Keyboard shortcuts

Press or to navigate between chapters

Press S or / to search in the book

Press ? to show this help

Press Esc to hide this help

Phase 04 — Mini-Build: paged attention with online softmax

You'll implement the heart of a "Flash"-style attention kernel in numpy — online softmax over a paged KV cache — and prove it equals plain dense attention.
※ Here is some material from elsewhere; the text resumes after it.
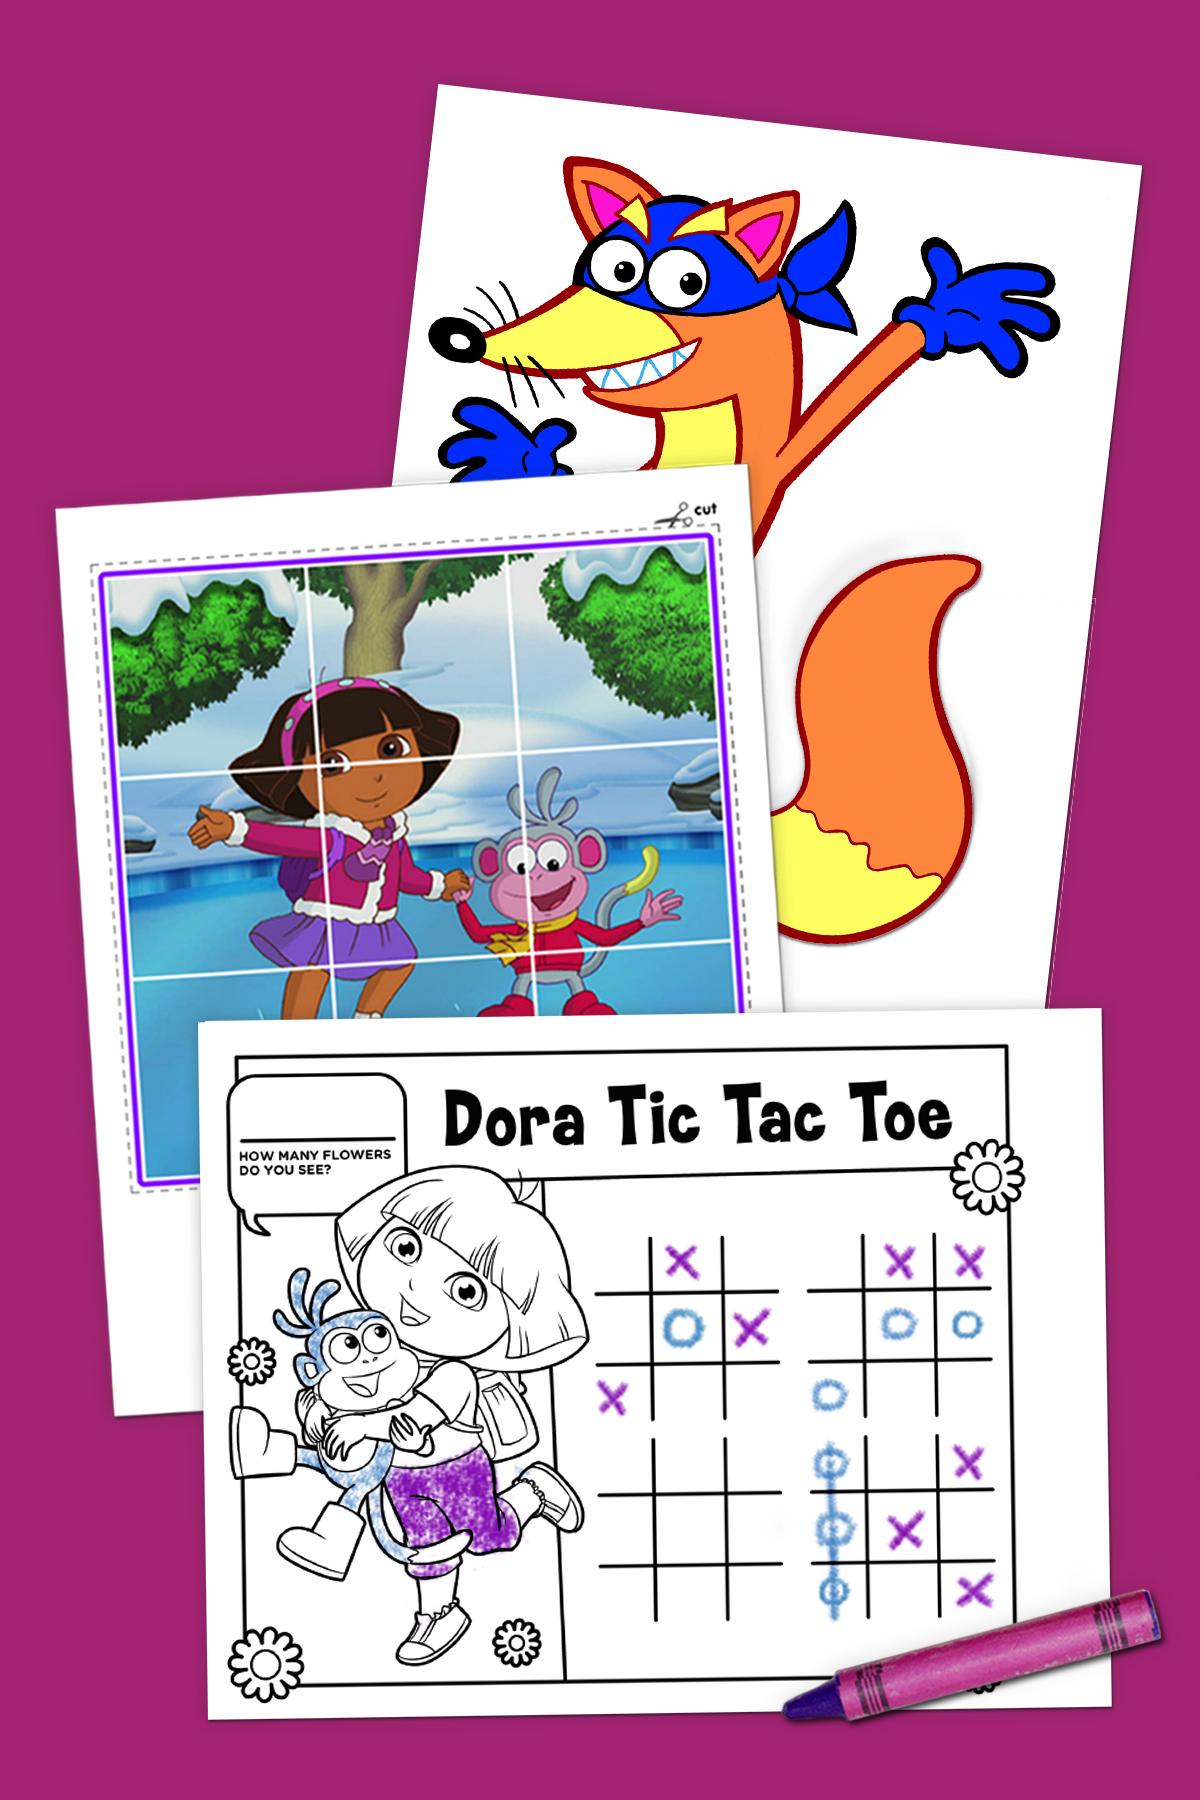 Top 10 Dora The Explorer Printables Of All Time

This single build demystifies both FlashAttention (the streaming softmax) and PagedAttention's kernel side (the block-table gather) at once.

Contents


The task (lab-01)

Given:

  • a query vector q (one decode step, one head): shape (d,),
  • a paged KV cache k_cache, v_cache: shape (num_blocks, block_size, d),
  • a block_table: list[int] mapping logical→physical block,
  • a seq_len (valid tokens),

compute attention(q) = softmax(q·Kᵀ / √d) · V, where K/V are gathered through the block table (token t lives at block_table[t // block_size], offset t % block_size), using the online softmax recurrence (running max + rescale) so you never build the full score vector.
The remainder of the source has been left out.